• EXERCISE PROMPT:
Out of the entries that follow, copy each line containing "with".

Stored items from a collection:

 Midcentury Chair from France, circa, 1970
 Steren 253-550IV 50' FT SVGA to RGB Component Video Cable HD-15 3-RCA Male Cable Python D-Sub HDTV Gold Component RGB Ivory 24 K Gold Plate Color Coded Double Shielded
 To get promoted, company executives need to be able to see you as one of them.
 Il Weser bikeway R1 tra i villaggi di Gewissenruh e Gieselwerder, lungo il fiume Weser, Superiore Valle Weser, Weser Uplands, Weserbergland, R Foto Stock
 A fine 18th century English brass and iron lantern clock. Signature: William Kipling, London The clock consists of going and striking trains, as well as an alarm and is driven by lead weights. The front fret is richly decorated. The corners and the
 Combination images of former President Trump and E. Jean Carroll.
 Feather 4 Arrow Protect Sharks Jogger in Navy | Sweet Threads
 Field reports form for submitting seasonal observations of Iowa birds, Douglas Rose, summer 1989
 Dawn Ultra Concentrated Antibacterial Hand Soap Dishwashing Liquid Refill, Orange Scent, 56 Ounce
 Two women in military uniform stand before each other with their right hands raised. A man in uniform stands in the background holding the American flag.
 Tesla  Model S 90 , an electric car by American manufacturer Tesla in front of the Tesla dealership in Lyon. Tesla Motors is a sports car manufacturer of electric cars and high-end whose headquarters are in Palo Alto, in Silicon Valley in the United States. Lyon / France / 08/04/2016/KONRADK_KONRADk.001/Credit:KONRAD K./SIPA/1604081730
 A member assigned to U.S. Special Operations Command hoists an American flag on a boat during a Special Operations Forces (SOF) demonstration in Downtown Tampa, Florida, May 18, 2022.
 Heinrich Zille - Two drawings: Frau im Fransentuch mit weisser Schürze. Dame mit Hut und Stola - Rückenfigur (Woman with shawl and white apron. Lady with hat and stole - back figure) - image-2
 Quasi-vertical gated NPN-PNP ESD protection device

• WRITTEN REPLY:
 Two women in military uniform stand before each other with their right hands raised. A man in uniform stands in the background holding the American flag.
 Heinrich Zille - Two drawings: Frau im Fransentuch mit weisser Schürze. Dame mit Hut und Stola - Rückenfigur (Woman with shawl and white apron. Lady with hat and stole - back figure) - image-2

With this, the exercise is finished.